Fassbinder had said that A Little Chaos was influenced by Godard, and my initial response was, "Yes, it certainly was", which I didn't care for because Godard was uncomfortably being injected where Fassbinder should instead be. But I watched it a second time, and there's a good bit of sub-context that merits attention, which I'll be discussing here.
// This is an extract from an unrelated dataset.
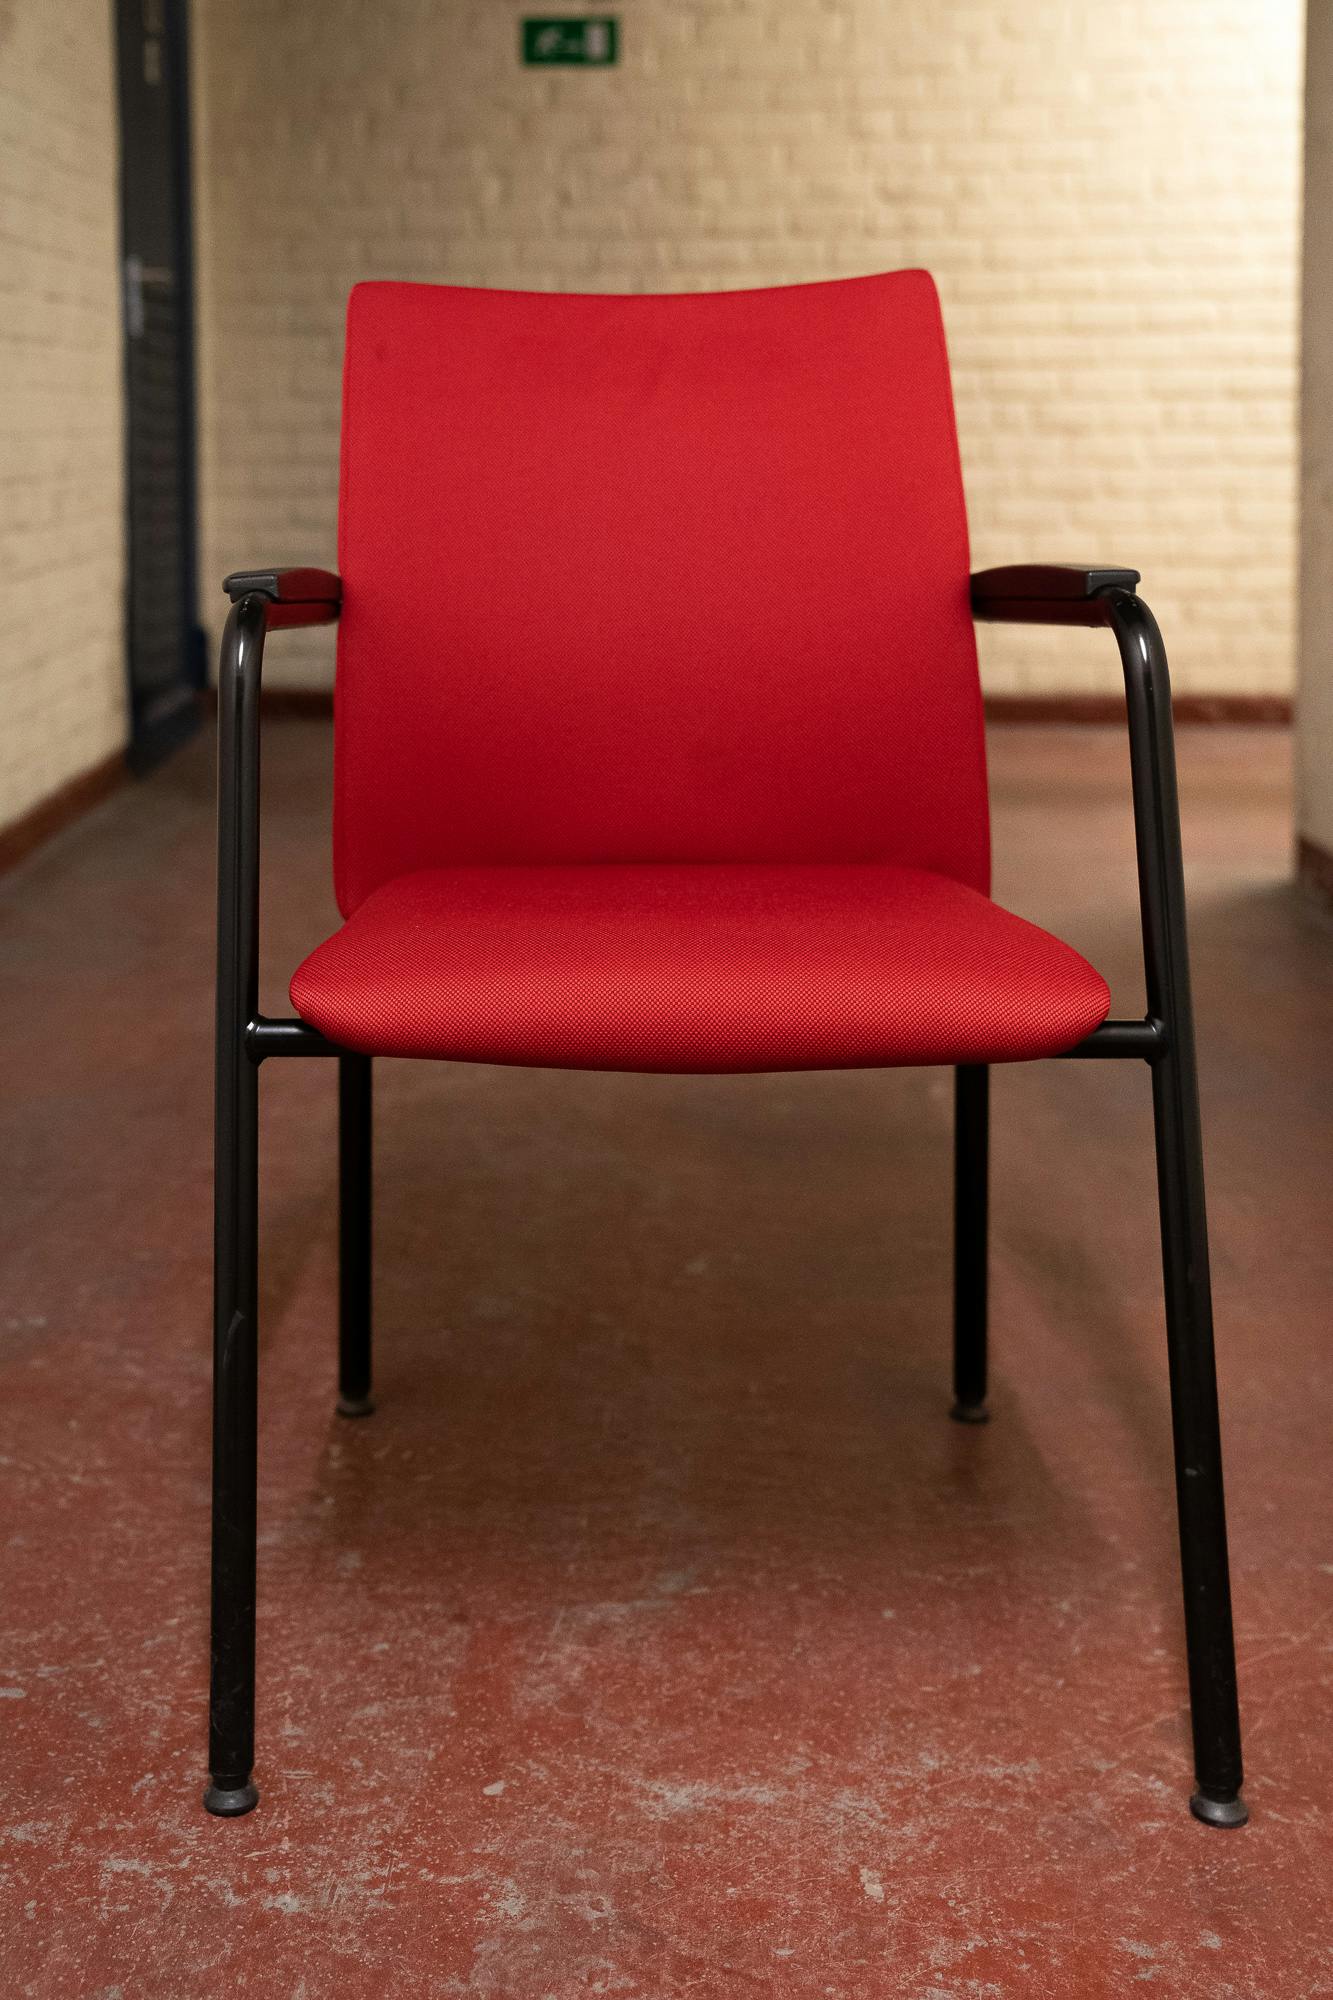 Red stacking chairs - Qualité de seconde main "Chaises" - Relieve Furniture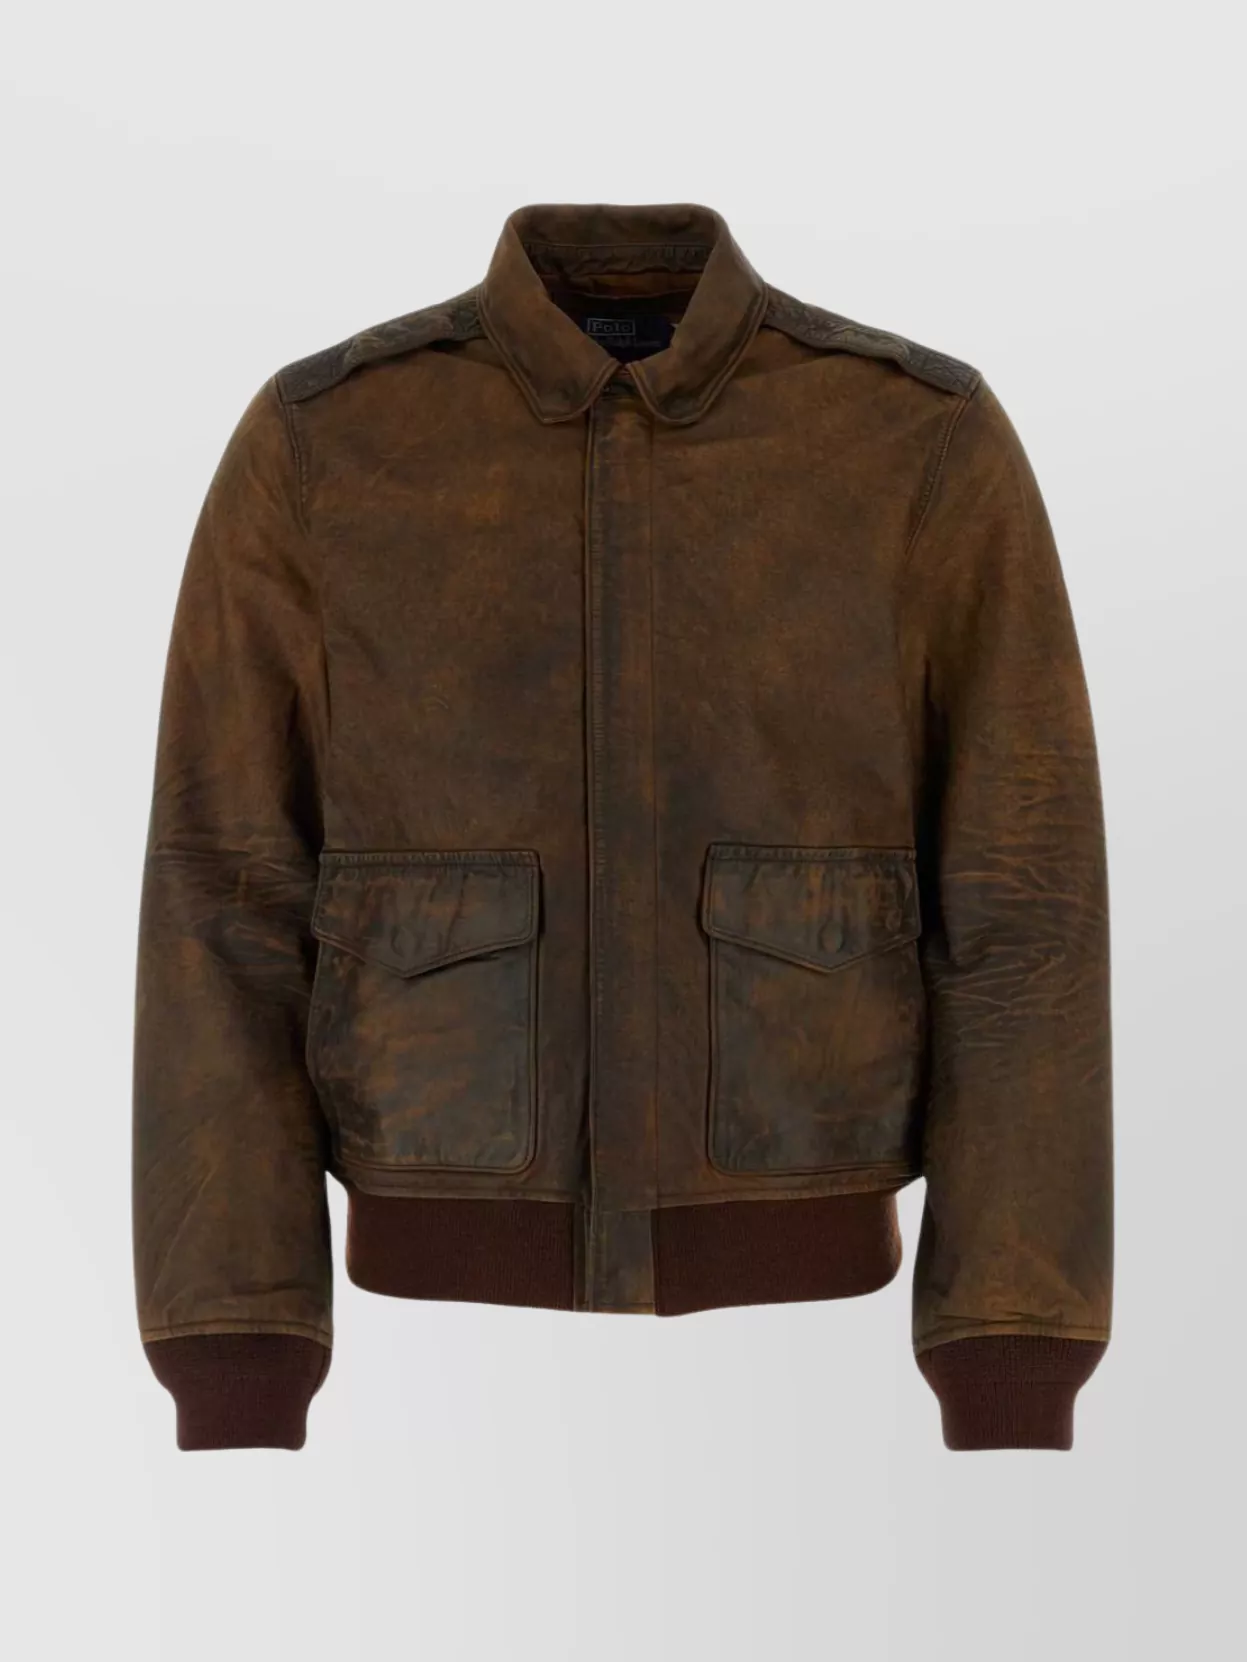 POLO RALPH LAUREN LEATHER BOMBER JACKET WITH RIBBED CUFFS AND HEM

The first film, A City Tramp, I initially found a little more interesting because of its question marks. A man finds a gun at the Schinderbrucke (Tailor's Bridge). While he eats at an outside table in a large park, a server passes by and, however at a distance, appears to notice the gun that the tramp has placed on the table, which he then thinks to cover. She nods to two men who stand waiting and appear to be already aware of the tramp. After he's done eating, the tramp tosses away the gun but the server retrieves it and chases him down to return it to him, during which he briefly believes he's being held up. In possession of the gun again, he envisions himself a suicide, he also envisions himself as a crucified Christ with the gun in his hand. He goes to the apartment of a woman (Irm Hermann's debut) he doesn't appear to know and asks to commit suicide in her bathroom. She says, "Sweet", leaves him at the door a moment, during which time he is very Brecht and sings a song to the camera about how things in Japan are small and in Europe they are big, then when she returns she hands him an object I can't identify and he leaves. When he appears to want to attempt suicide in a public loo, he is interrupted by Rainer and others and rushes out. He is seated on a park bench, dozing, the gun in his hand, when the two men to whom the server had complicitly nodded (one of whom had interrupted him in the loo) grab the gun from him, toss it back and forth over his head, then run off. The gun he had picked up, then tried to throw away but had been returned to him, he is now desperate to keep, but it has been taken by the men. The tramp lies on the ground and trains his finger on the men who took the gun from him and fires his pretend finger gun at them. The gun, which he'd intended to use for suicide, having been taken from him, becomes in its absence a weapon he imagines using against others.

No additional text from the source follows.